An initial public offering, or IPO, is a rite of passage for a private corporation. It marks the distribution of the company’s ownership through the sale of publicly traded stock. Corporate insiders, employees and venture capitalists who owned private stock issued before the IPO may see a large gain in the value of their investments, but cashing in can take a while.
Before an IPO, a corporation can issue shares through “private placements.” These shares are not registered with the U.S. Securities and Exchange Commission. A private placement is a formal procedure in which the issuer must file certain information with the SEC and must adhere to strict rules governing who can buy the shares. The shares are called “restricted,” because owners can’t sell them to the public without filing another request for a private placement. These shares carry a restrictive legend stamped on the back of the stock certificates. Under SEC Rule 144, restricted shares turn into publicly tradable ones after a holding period of six months. After the waiting period, owners receive reissued shares lacking the restrictive legend.
Initial Public Offering
When a corporation decides to go public, it hires an investment bank to handle the sale of the new shares. The bank may decide to underwrite the IPO, which means it buys all the shares and then sells them through a syndicate of other banks and brokers. If the investment bank is less optimistic about the demand for the new shares, it won’t buy them. Rather, it sells them on a “best efforts” basis. The syndicate receives a portion of the sale proceeds and the remainder fills the coffers of the issuing corporation.

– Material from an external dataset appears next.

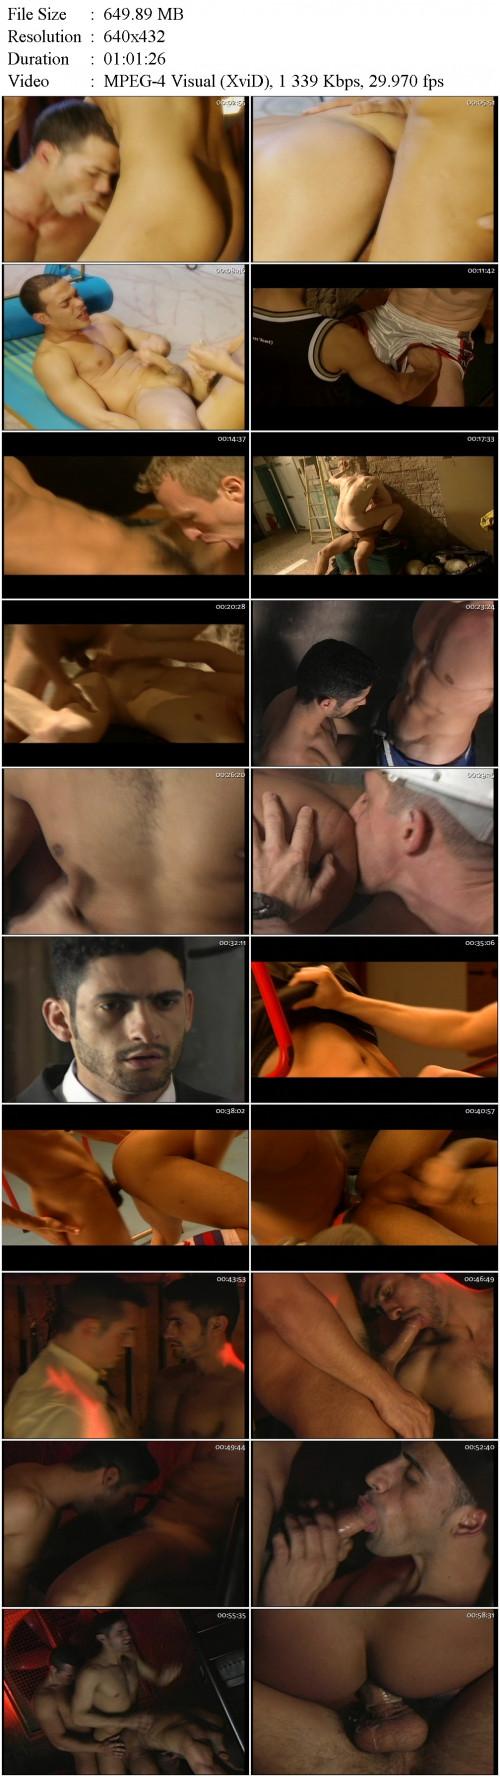 Private Man - Director Lucas Foz, Marc Lynnroe, Sebastiano Brogi - Private Manstars - Lucas Foz, Brazilian Sex God

An underwriter usually insists on a lockup agreement when it manages an IPO. The agreement prevents corporate insiders from selling their private stock for a set period following the IPO. The lockup period can vary but normally is 180 days. During this time, owners of private stock must hold onto their shares. Some states require lockup agreements, and the SEC mandates that the issuer publicly disclose the terms of the lockup agreement. After the lockup period ends, corporate insiders can sell their shares to the public.
If you're a buyer of newly issued stock, you face the risk of a price drop when the lockup period ends. If the value of private shares increases after the IPO, insiders may be eager to cash in as soon as allowed. This can cause a sudden increase in the supply of shares at the end of the lockup period, driving down prices. You can find out whether a company has agreed to a lockup by contacting its shareholder relations department or by checking the stock prospectus. You can find the prospectus on the SEC’s online database -- the Electronic Data-Gathering, Analysis and Retrieval system, better known as EDGAR.